Top of Data for this task

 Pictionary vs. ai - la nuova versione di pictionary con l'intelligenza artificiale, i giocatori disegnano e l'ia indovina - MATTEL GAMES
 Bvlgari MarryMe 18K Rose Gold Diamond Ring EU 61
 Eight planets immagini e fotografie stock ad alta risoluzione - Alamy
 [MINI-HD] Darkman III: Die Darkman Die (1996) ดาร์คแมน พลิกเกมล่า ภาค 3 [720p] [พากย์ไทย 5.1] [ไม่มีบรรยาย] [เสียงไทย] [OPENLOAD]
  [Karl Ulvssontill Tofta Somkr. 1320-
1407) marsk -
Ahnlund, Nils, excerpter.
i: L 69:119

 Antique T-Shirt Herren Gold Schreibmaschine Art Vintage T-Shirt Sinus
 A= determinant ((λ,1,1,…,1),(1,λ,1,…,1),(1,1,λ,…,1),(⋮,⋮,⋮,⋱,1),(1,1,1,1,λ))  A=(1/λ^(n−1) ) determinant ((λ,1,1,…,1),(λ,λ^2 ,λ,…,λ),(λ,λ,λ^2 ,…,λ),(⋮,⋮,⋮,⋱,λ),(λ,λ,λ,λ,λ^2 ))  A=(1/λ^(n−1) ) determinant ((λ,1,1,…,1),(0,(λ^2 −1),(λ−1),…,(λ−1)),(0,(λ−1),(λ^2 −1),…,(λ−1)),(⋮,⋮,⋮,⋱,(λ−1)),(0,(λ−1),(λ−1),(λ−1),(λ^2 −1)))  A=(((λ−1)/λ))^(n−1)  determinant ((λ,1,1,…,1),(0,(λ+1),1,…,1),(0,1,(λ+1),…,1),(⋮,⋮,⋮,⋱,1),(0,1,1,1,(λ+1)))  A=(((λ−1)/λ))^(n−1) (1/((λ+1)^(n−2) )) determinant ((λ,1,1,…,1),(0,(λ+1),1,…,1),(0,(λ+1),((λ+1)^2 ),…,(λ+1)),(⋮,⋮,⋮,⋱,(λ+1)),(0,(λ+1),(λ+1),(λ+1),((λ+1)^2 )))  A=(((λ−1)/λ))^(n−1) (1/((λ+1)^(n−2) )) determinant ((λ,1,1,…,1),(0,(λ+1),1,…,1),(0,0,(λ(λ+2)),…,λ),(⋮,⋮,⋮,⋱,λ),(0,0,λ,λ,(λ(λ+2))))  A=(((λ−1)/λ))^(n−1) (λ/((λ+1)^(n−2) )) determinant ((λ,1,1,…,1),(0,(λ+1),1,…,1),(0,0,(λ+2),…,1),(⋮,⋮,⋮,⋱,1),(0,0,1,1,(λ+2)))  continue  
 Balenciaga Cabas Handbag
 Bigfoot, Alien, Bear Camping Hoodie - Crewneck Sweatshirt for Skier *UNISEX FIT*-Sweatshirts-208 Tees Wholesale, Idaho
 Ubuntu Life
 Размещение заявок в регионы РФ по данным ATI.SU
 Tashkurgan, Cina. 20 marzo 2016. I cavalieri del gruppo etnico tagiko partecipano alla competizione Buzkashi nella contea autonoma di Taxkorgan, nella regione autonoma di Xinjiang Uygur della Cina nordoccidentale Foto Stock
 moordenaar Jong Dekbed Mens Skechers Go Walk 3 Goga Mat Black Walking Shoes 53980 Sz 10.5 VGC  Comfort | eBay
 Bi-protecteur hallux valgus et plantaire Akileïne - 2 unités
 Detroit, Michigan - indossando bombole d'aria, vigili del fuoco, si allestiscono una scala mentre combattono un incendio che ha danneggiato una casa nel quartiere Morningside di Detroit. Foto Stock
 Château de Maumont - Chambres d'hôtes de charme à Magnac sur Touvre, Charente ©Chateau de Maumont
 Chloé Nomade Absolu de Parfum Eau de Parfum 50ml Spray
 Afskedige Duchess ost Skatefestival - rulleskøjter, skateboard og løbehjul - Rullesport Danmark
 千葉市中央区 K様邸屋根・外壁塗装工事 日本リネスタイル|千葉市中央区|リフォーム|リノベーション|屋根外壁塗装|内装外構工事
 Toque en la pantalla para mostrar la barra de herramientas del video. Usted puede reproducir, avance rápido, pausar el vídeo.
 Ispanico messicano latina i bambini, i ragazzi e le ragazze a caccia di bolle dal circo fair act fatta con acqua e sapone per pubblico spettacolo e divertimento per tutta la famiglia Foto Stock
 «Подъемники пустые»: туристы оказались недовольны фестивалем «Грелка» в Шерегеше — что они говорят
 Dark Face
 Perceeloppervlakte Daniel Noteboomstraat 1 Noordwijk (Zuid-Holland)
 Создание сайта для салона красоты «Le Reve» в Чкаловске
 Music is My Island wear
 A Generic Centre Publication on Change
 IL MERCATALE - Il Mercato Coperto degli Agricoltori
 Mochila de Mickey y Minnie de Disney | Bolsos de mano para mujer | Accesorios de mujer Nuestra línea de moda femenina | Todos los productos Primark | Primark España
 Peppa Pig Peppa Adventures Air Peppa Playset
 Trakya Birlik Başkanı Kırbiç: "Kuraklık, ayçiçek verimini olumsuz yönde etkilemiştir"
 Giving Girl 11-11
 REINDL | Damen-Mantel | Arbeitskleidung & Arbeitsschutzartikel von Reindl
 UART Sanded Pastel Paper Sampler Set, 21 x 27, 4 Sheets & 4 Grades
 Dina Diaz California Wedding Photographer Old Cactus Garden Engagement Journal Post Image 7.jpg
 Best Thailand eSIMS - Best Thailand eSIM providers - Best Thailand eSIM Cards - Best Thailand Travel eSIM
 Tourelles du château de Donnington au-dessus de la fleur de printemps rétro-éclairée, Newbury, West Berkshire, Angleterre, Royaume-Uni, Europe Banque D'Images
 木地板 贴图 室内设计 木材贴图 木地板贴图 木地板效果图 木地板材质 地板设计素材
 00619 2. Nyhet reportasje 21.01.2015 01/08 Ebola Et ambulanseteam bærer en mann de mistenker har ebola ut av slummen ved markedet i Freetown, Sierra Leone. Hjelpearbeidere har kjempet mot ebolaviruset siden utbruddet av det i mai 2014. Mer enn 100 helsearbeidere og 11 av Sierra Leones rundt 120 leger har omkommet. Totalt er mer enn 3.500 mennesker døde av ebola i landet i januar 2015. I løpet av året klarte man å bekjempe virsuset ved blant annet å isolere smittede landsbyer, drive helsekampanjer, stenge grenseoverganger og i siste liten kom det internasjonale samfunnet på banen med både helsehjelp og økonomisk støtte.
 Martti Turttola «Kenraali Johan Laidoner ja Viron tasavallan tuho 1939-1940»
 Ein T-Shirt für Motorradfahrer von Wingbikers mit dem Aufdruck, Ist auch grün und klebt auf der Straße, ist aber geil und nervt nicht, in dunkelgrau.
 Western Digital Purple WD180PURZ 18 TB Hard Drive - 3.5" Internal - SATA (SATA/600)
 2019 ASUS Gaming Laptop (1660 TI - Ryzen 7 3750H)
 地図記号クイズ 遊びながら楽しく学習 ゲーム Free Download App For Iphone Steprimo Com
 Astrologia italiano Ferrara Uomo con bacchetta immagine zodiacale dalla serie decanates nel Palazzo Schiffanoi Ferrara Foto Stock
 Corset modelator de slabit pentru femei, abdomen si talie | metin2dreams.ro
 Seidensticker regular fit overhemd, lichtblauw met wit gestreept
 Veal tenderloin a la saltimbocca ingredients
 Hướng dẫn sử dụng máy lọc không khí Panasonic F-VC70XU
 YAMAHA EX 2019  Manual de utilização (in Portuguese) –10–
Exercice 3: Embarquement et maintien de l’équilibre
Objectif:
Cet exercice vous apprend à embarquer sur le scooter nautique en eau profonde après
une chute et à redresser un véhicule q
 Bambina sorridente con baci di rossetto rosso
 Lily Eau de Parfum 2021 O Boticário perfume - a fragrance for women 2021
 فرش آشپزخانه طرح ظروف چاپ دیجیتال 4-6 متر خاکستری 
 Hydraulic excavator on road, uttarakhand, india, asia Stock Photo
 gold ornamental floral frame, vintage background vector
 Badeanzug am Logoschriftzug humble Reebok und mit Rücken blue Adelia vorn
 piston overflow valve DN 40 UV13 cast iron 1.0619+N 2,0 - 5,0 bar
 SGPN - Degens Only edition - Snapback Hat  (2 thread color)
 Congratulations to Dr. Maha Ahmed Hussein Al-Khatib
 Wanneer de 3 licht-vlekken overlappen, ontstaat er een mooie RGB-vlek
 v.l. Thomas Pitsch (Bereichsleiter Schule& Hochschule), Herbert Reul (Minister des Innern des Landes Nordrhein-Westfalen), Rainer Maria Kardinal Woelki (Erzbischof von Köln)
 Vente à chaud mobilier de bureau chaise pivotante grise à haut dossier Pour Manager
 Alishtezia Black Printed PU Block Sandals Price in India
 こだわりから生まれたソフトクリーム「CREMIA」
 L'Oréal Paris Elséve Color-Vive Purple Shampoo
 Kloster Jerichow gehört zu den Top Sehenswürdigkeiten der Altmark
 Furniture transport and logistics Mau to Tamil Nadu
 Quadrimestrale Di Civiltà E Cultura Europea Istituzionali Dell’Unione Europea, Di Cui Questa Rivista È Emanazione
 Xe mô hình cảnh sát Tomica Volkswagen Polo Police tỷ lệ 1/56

Bottom of Data for this task

Directions for this task => From the entries above, return each line with the word "Parfum" in it.

Response box =>
 Chloé Nomade Absolu de Parfum Eau de Parfum 50ml Spray
 Lily Eau de Parfum 2021 O Boticário perfume - a fragrance for women 2021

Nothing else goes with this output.